Zorgverzekeraars zijn bevoegd en verplicht materiële controles bij zorgaanbieders uit te voeren en doen dat frequent, ook bij mondzorgaanbieders. Een mondzorgaanbieder is tot zekere hoogte verplicht om mee te werken aan een dergelijke controle. Het controleproces an sich kan vervelend zijn, maar kan ook (financiële) gevolgen met zich brengen voor de mondzorgaanbieder.

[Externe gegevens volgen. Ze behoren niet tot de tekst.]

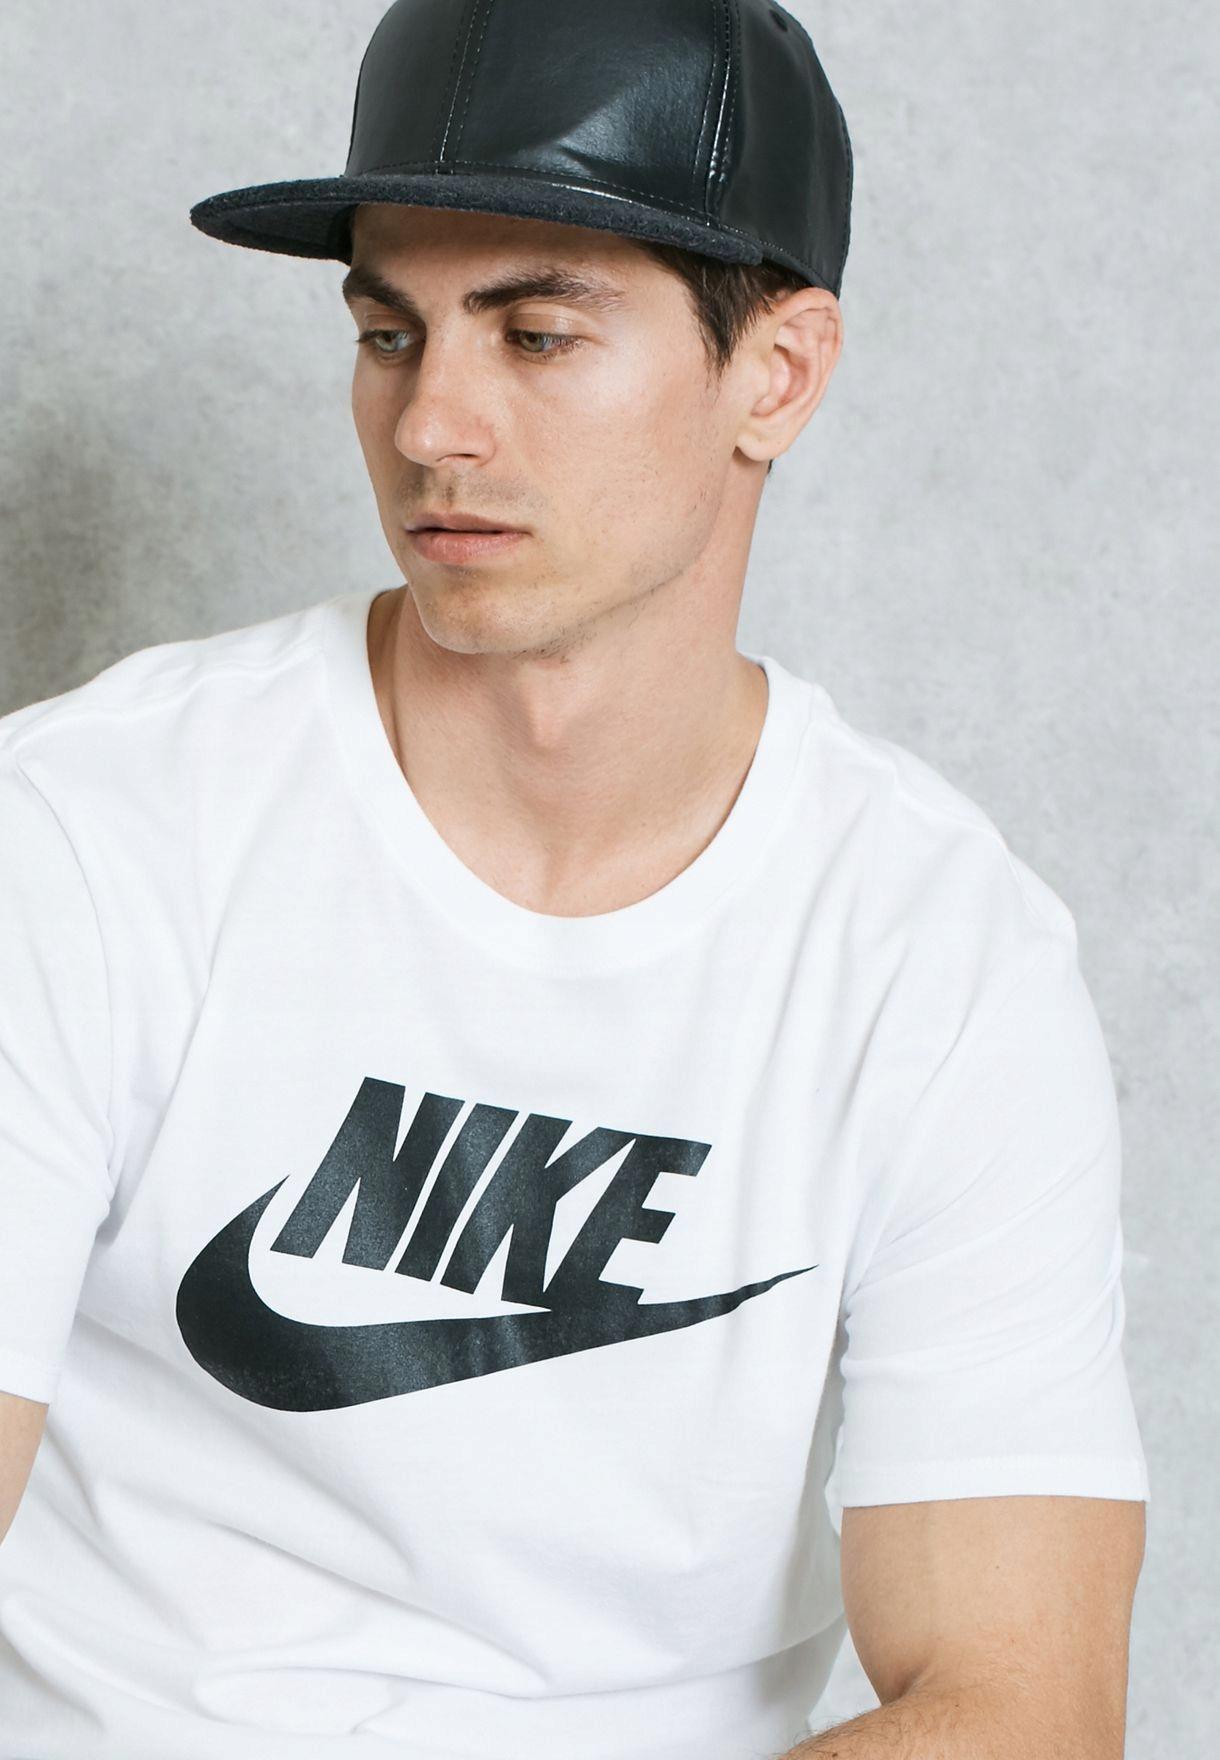 A45 NIKE koszulka męska TSHIRT ICON TEE rozmiar XL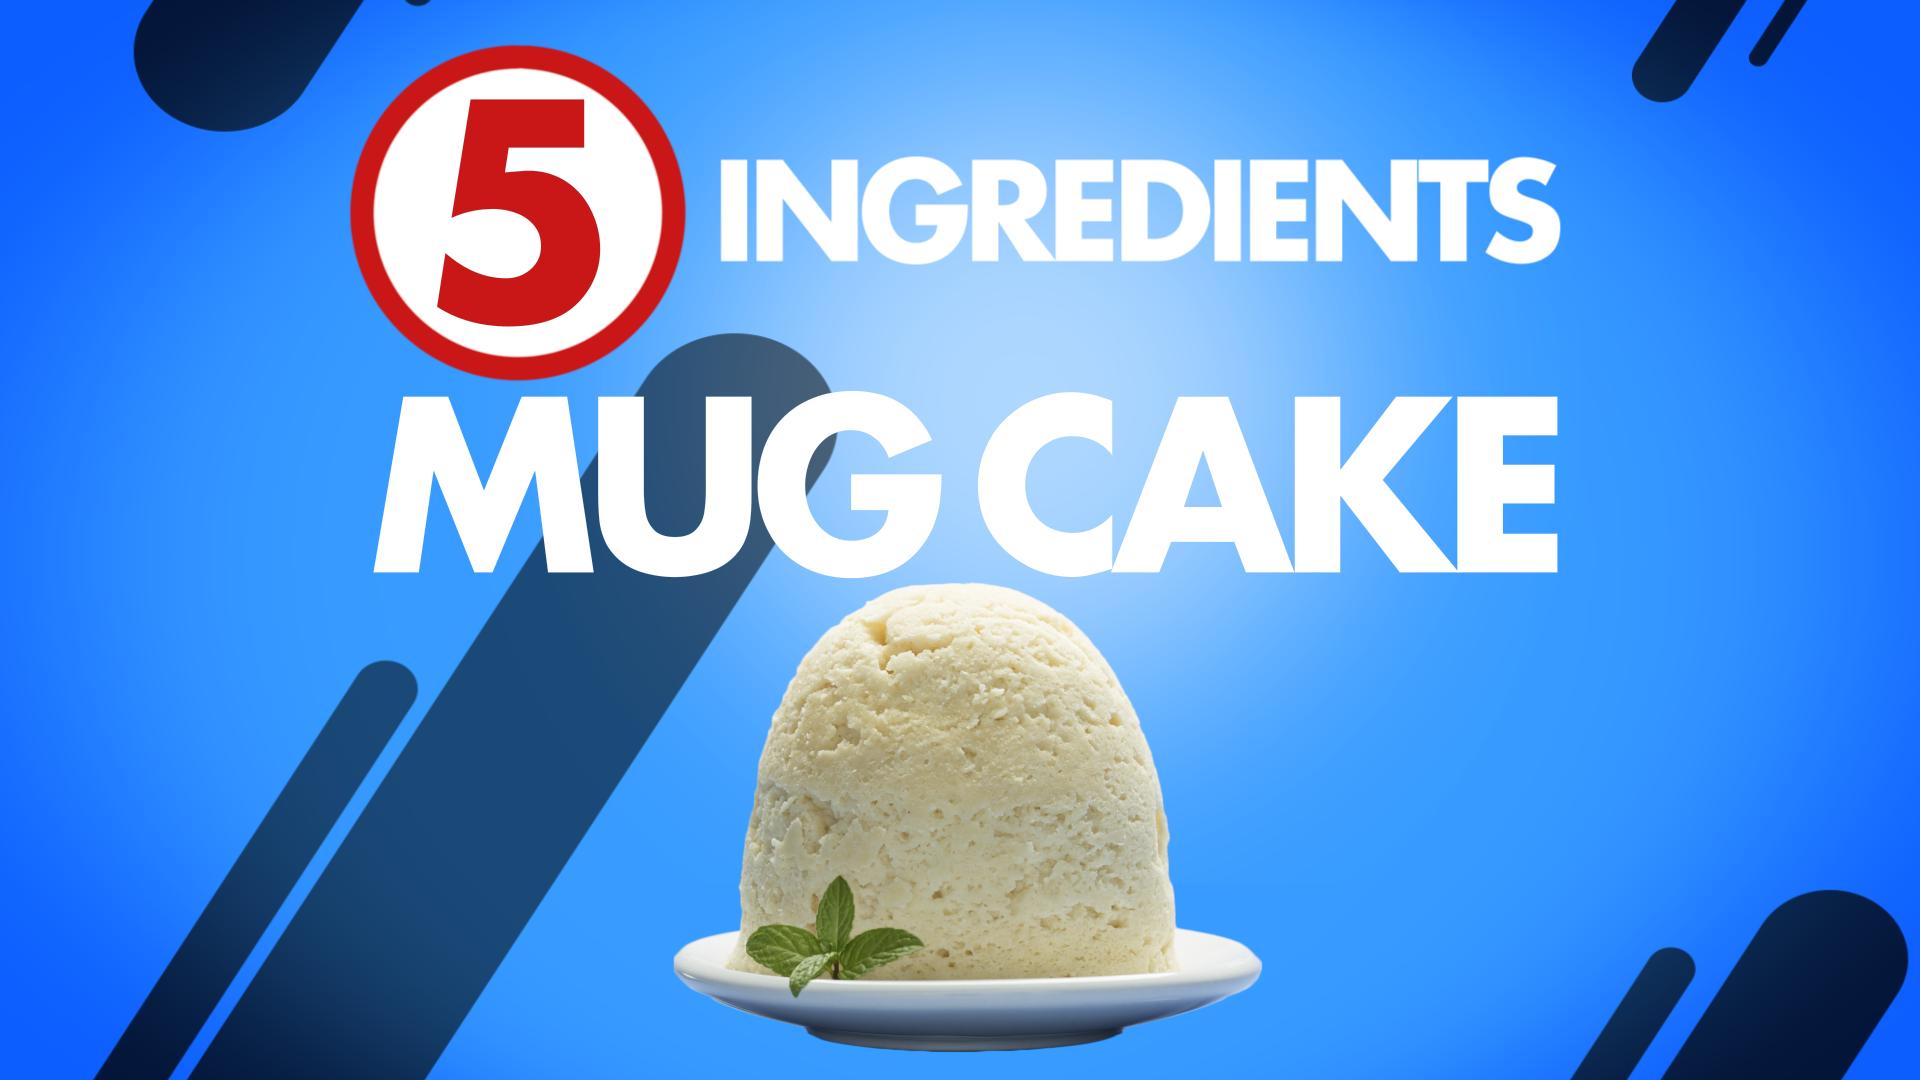 Quest Nutrition Five-Ingredient Mugcake

Ook op het moment van schrijven van dit artikel voeren verzekeraars controles uit bij mondzorgaanbieders. Reden om in dit artikel te bespreken wat een materiële controle inhoudt en wat de aandachtspunten zijn indien zo’n controle zich voordoet.
Materiële controle
Een materiële controle ziet op de vraag of de gedeclareerde zorg is geleverd (rechtmatigheid) én op de vraag of de geleverde zorg ook passend is geweest (doelmatigheid). Om de doelmatigheid te beoordelen, wordt onder meer gekeken naar (i) de stand van de wetenschap en de praktijk – zoals protocollen en richtlijnen – en (ii) wat in de betreffende beroepsgroep gebruikelijk is.
Zorgverzekeraars zijn op grond van de wet bevoegd en verplicht om controles uit te voeren bij gecontracteerde en niet-gecontracteerde aanbieders. Een controle ziet op bij de betreffende zorgverzekeraar ingediende declaraties in een bepaalde periode (bijvoorbeeld 2020 en 2021).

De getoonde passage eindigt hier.